Green beans, also known as French beans, are one of the most commonly consumed vegetables. Besides their good taste, they are known for their high nutritional value. They are a rich source of iron, vitamin A, C, riboflavin, thiamin, proteins, omega-3 fatty acids, calcium, copper, phosphorous, manganese, and dietary fibers. You can make a wide variety of tasty dishes using them. Since they are perishable, you need to preserve them using proper methods. They can be preserved easily, and you can enjoy their great flavor and nutritional value throughout the year. You can preserve them by freezing or canning.
Freezing the Beans
Freezing is the easiest and less time-consuming way to preserve these fresh summer green beans for a longer time. A selection of fresh stock is very important during the freezing process. If you are picking them from your garden, then you should pick fresh, smooth, crisp, and fully-grown ones. The inner part should be small and tender. Avoid choosing tough, lumpy, or stringy ones. Bulges and lumps indicate that they are over-ripe. When purchasing them from a market, select smooth and bright ones. Avoid choosing those that are limp and wilted, yellowed and pale, or blemished and wrinkled.
To preserve their freshness and quality, they should be blanched before freezing. Fresh vegetables usually consist of certain enzymes and bacteria, which can change the color, texture, and flavor of the vegetables and destroy the nutrients, even after freezing. During blanching process, these enzymes as well as bacteria and dirt are removed. During this process, the beans are first immersed in boiling water and then transferred to cold water, in order to cool and stop them from getting blanched further.
Blanching should be done, just enough to prevent the action of enzymes and kill the bacteria. They should be cooled, or they will continue to cook and become soft. The correct boiling time for them is about 3 to 3 ½ minutes and cooling time is the same. One gallon of water is required to blanch one pound of this fresh green vegetable.
Here are some important steps in the freezing process:
- Remove the stem ends and strings if any. Then cut them into pieces of your choice.
- Keep them in a big strainer or colander and rinse thoroughly in cold or lukewarm water.
- Bring the water to a full rolling boil in a large stockpot. Add them to boiling water, taking care that they are completely immersed. Cover the pot and start the timer as soon as they are immersed.

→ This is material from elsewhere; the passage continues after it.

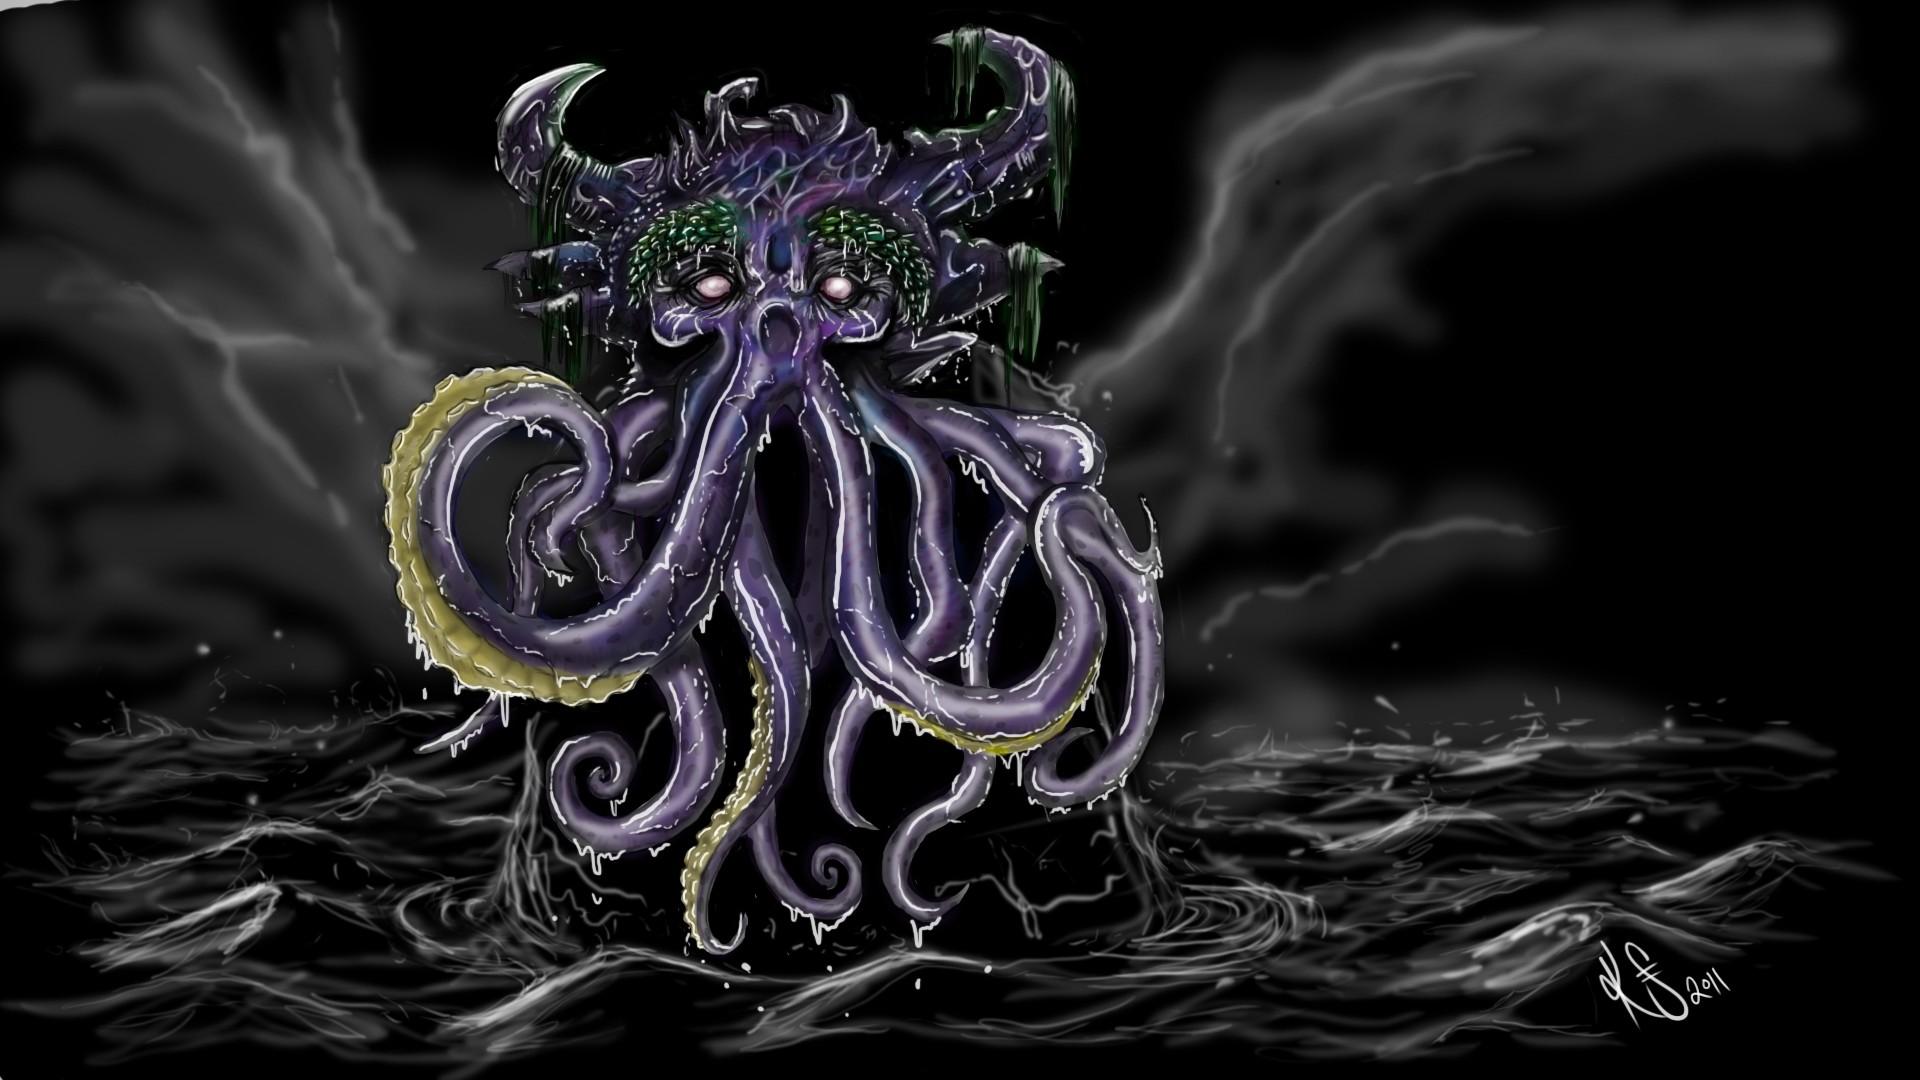 1 fantasy art dark monster creature octopus ocean sea storm sky clouds  waves cthulhu wallpaper |
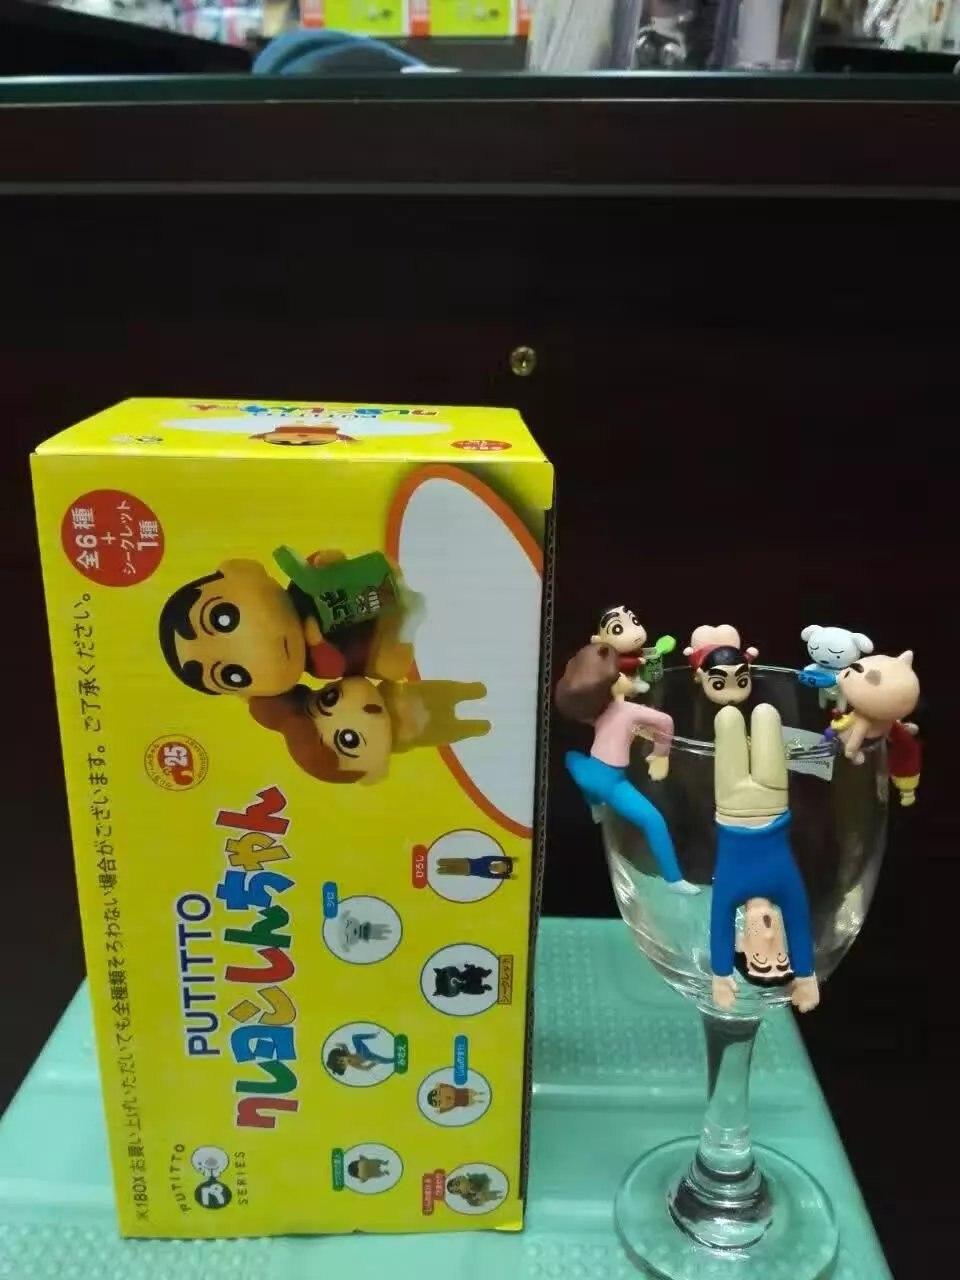 Kitan Club PUTITTO Crayon Shin chan mini tea cup friends figure toys gift box

Keep the water boiling for about 3 to 3 ½ minutes.
- Take them out of the boiling water and immediately keep them in a large pot containing ice water. Cool them for about 3 to 3 ½ minutes.
- When they are completely cooled, drain them in a big strainer.
- Place cooled beans into freezer bags. Press out the air from the bags and seal the bags tightly. Store these bags in the freezer.
Only heavy-duty plastic bags that are particularly made for the freezer storage should be used. They should be used within 12 months of packing.